Exercise objective: Once the pictures are set aside, transcribe each line of the data exactly.

Data provided:
====
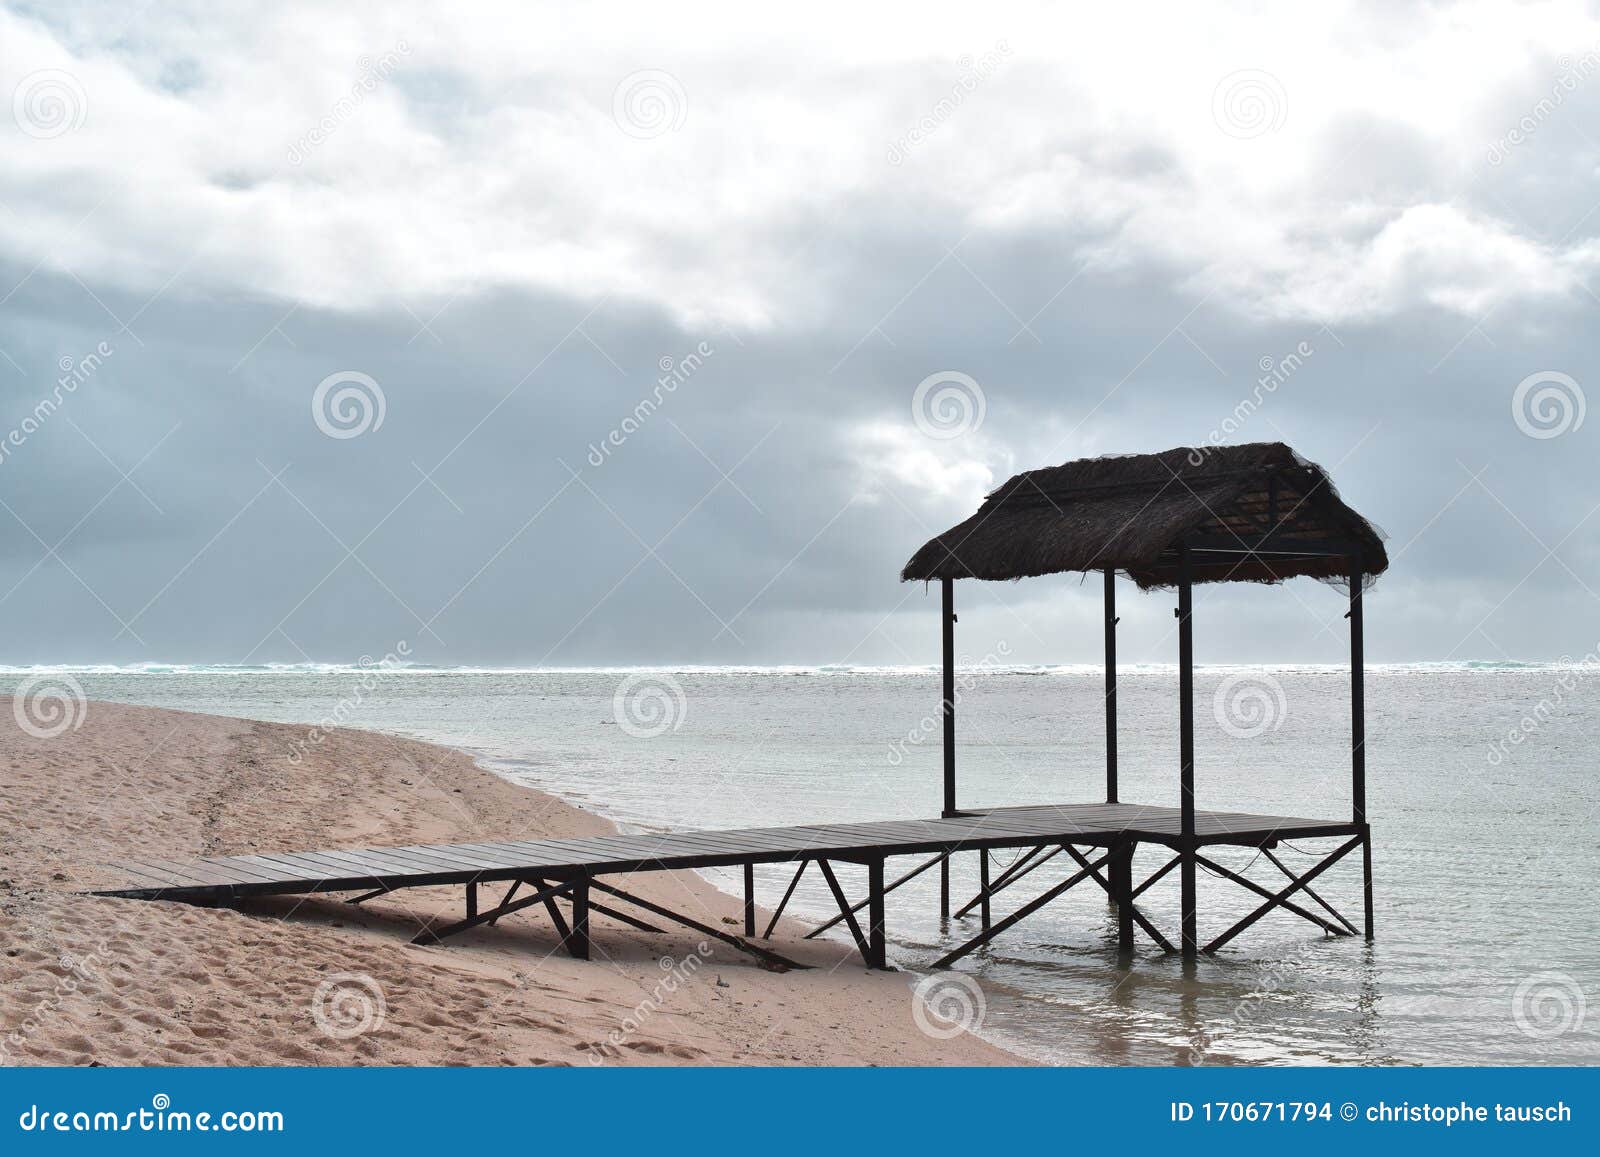 Бунгало На Пляже Фото
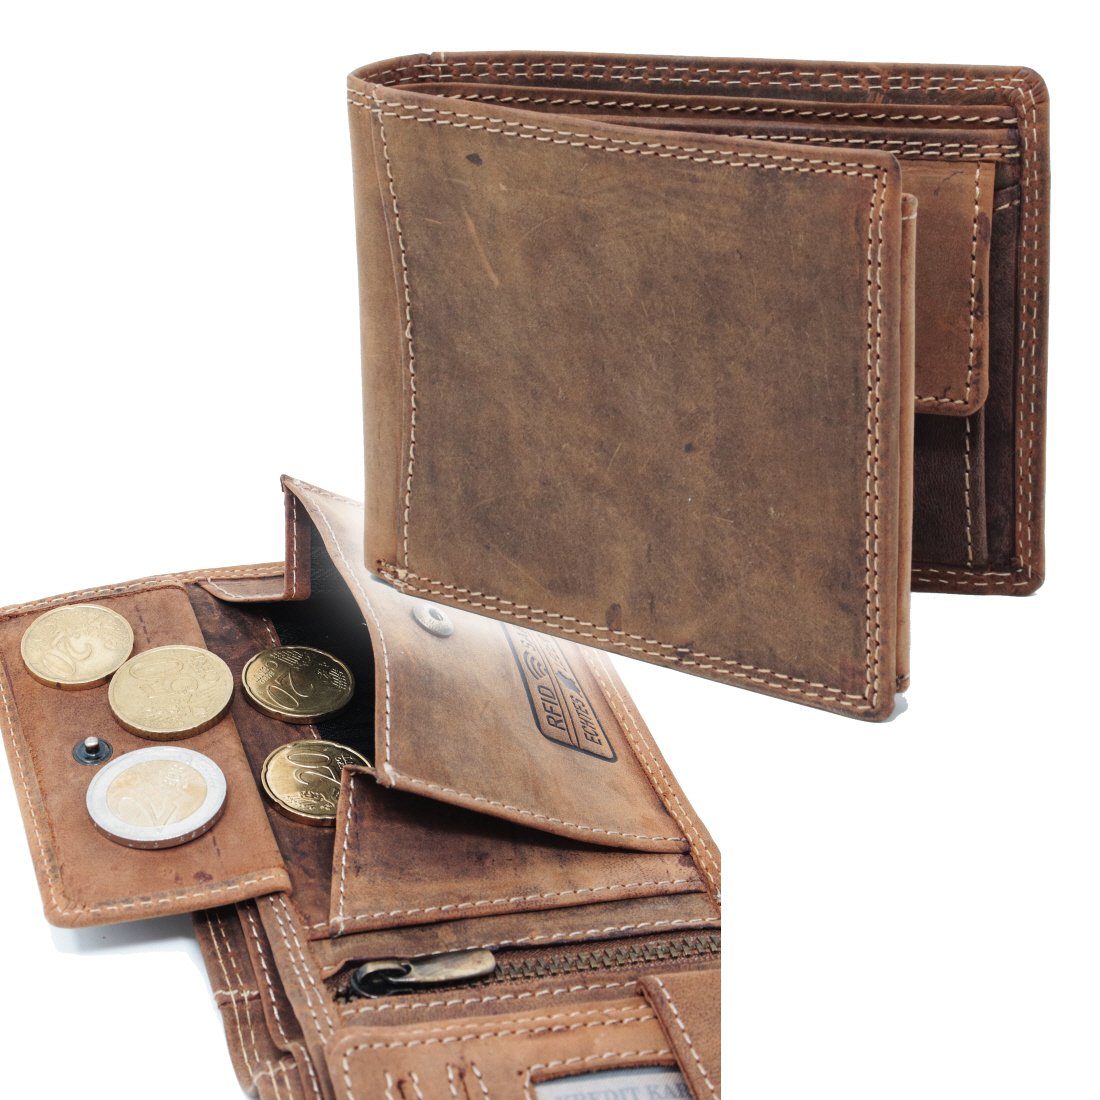 SHG Geldbörse ◊ Herren Börse Lederbörse mit Schutz RFID, Brieftasche Leder Münzfach Geldbeutel Portemonnaie RFID
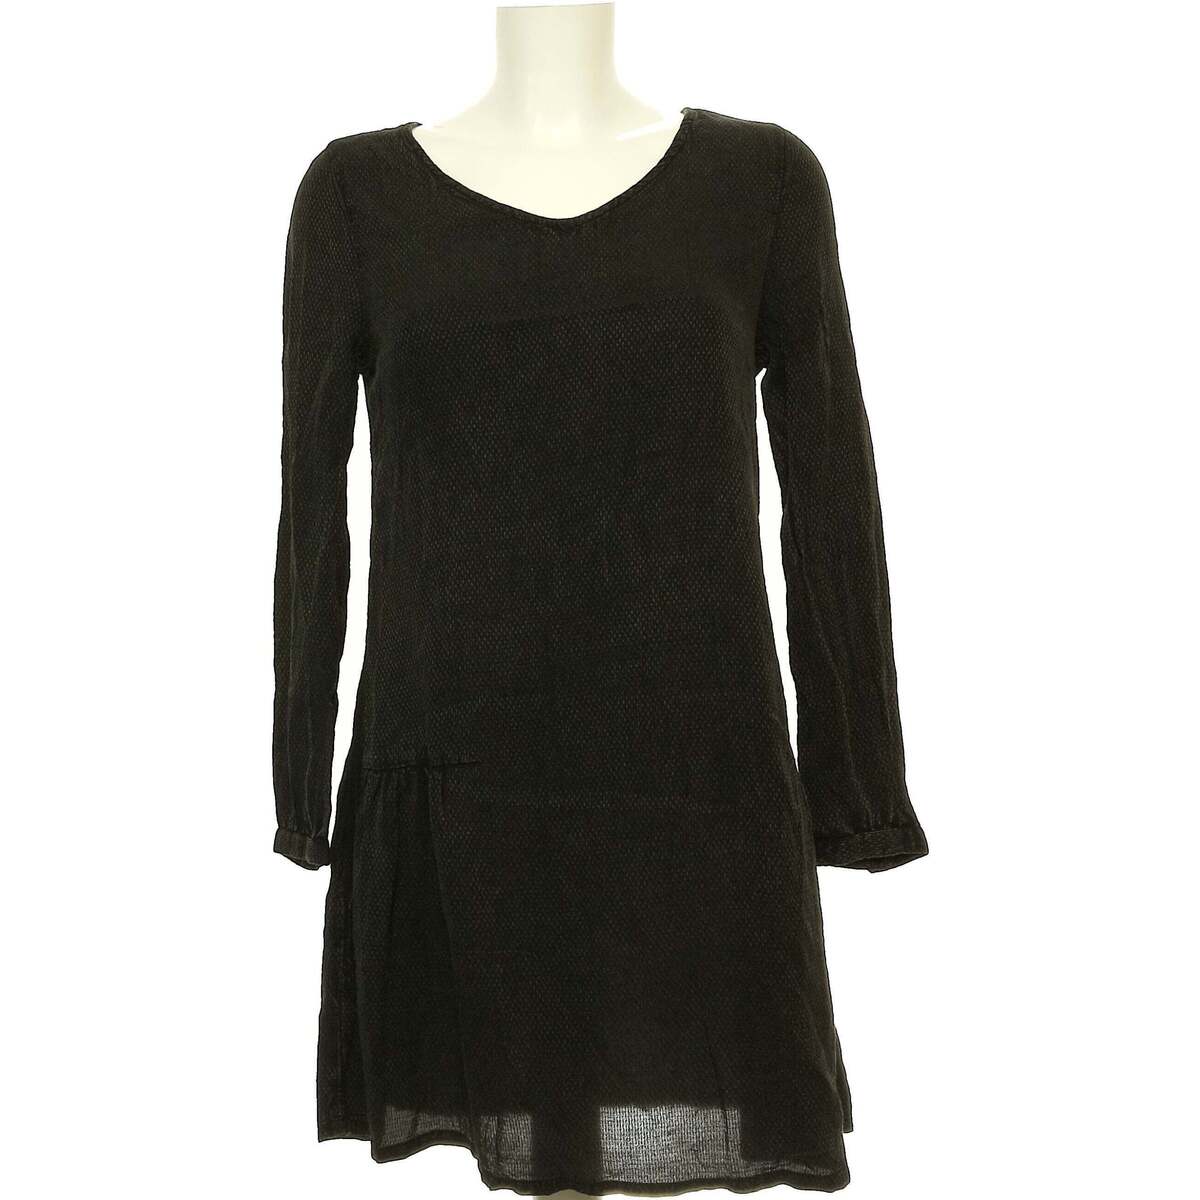 Vêtements Femme Robes courtes Teddy Smith robe courte  36 - T1 - S Noir Noir
====
Result for this task:
 Бунгало На Пляже Фото
 SHG Geldbörse ◊ Herren Börse Lederbörse mit Schutz RFID, Brieftasche Leder Münzfach Geldbeutel Portemonnaie RFID
 Vêtements Femme Robes courtes Teddy Smith robe courte  36 - T1 - S Noir Noir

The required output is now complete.